Photographic film is a thin layer of gelatin containing silver halides and a base of transparent cellulose acetate. The light decomposes the silver halides, producing nanoparticles of silver, which are the pixels of the photographic image.
In the late eighteenth century, the British scientists Thomas Wedgewood and Sir Humphry Davy were able to produce images using silver nitrate and chloride, but their images were not permanent.
The first successful photograph was produced in 1827 by Joseph Niépce using material that hardened on exposure to light. This picture required an exposure of eight hours. Niépce went into partnership with Louis Daguerre. Although Niépce died of a stroke only four years later, Daguerre continued to experiment, and, in 1839, discovered a way of developing photographic plates, a process which greatly reduced the exposure time from eight hours to half an hour. He also discovered that an image could be made permanent by immersing it in salt.
1856: Discovery of Gold Colloids
The English chemist and physicist Michael Faraday discovered and prepared the first metallic colloids in 1856.
Colloids are fine particles that suspend in a solution (in between particles that dissolve in solution and those that settle). Faraday’s gold colloids had special electronic and optical properties. They are now known as one of the most interesting nanoparticles.
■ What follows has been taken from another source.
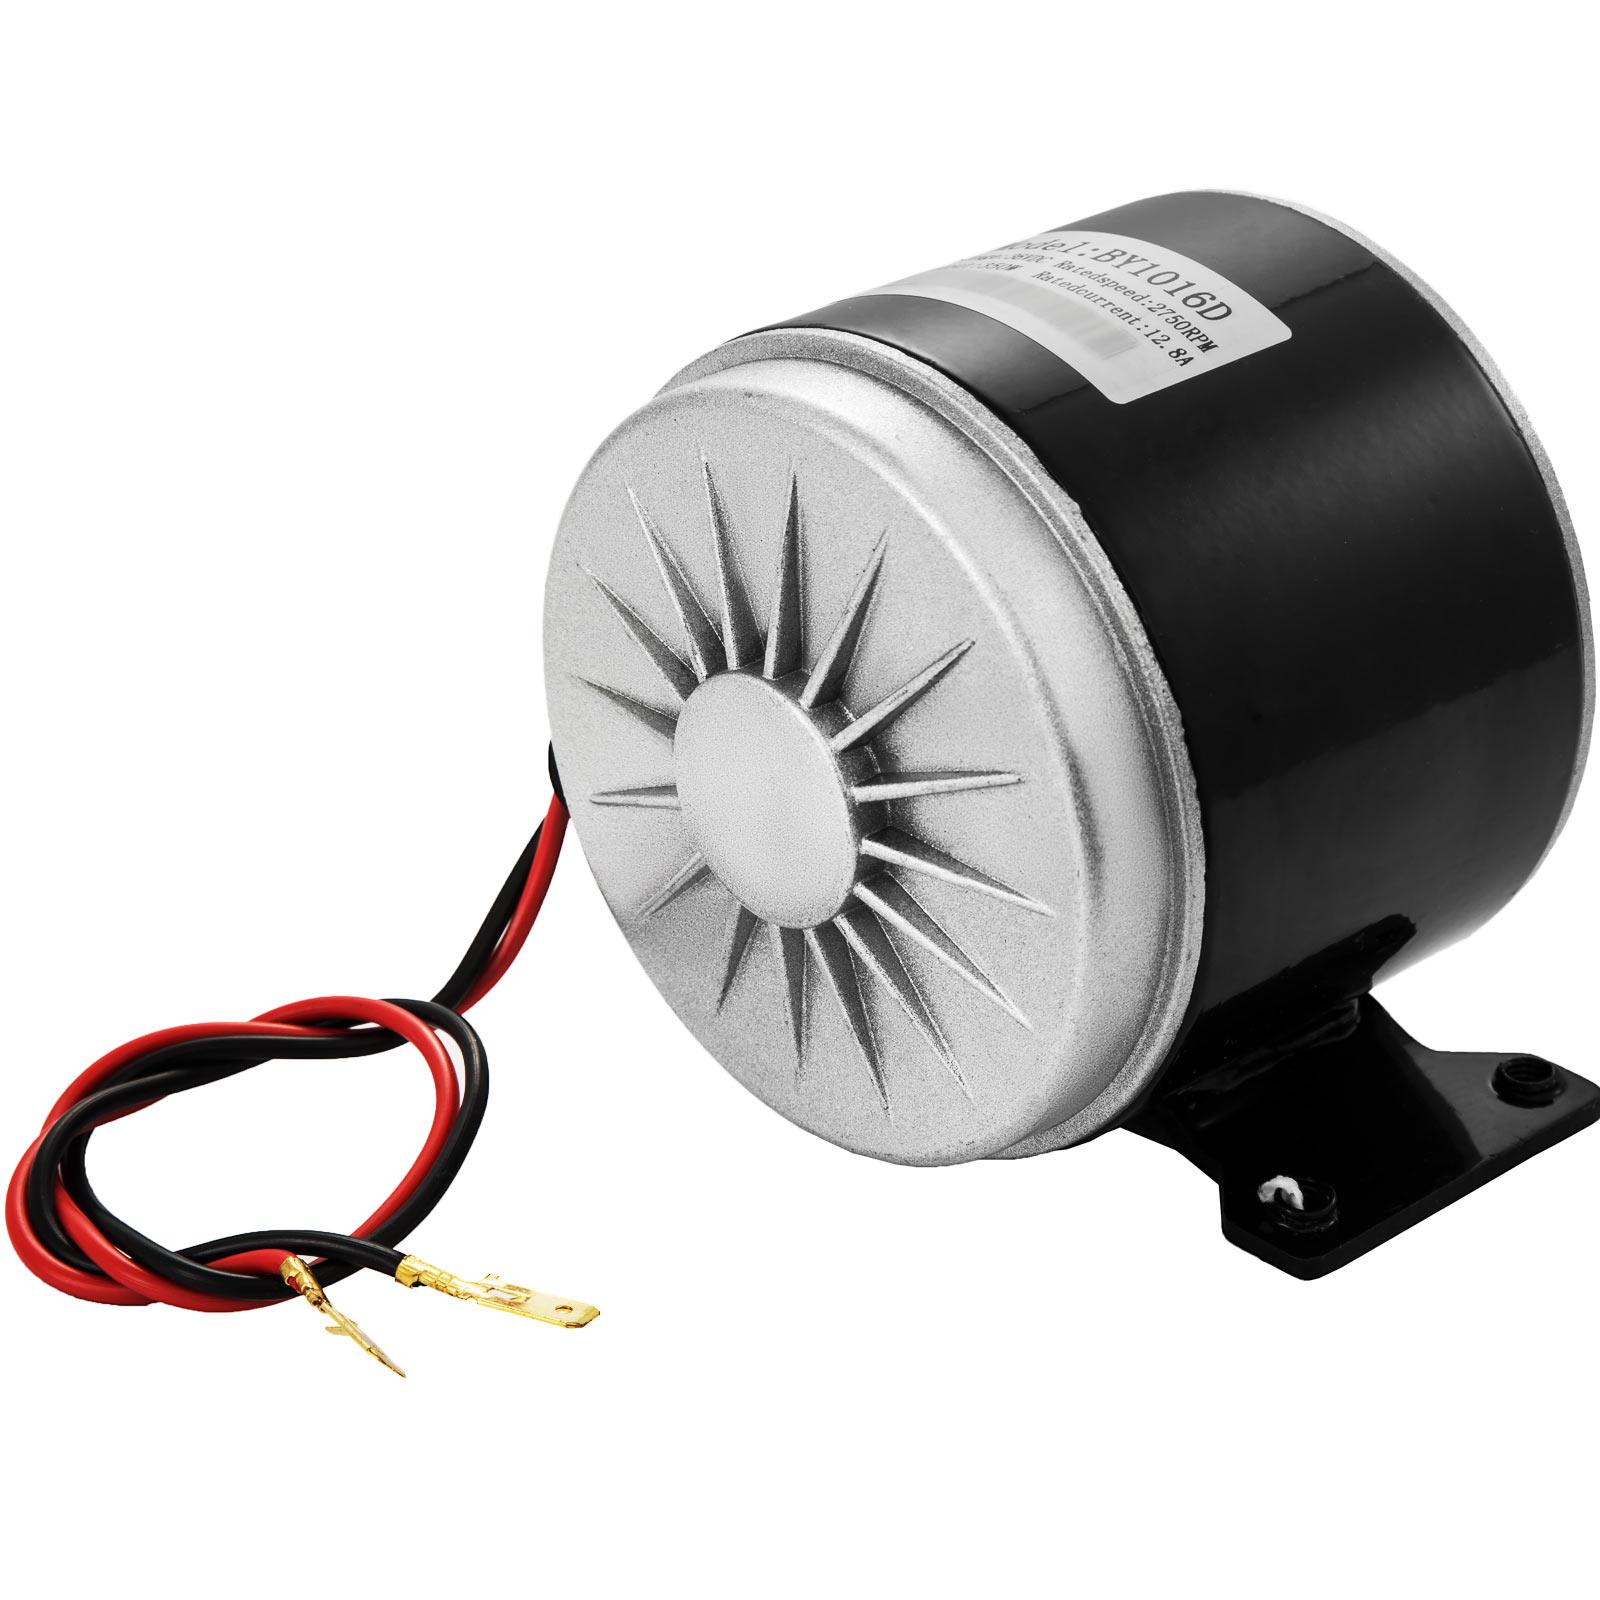 DC-electric-motor-12-60V-150W-2KW-for-scooter-bike-go-kart-minibike-e-ATV thumbnail 84

Considered by many to be one of the greatest experimentalists who ever lived, Faraday received little more than a primary education, and at the age of 14 was apprenticed to a bookbinder. There he became interested in the physical and chemical works of the time.
After hearing a lecture by the famous chemist Humphrey Davy, Faraday sent Davy the notes he had made of his lectures. This earned Faraday an appointment as Davy’s assistant in the laboratory of the Royal Institution in London, at the age of 21 — the birth of a great career.
The entire set of specimens (over 600) used by Faraday in his 1856 research are still housed at the Royal Institution of Great Britain.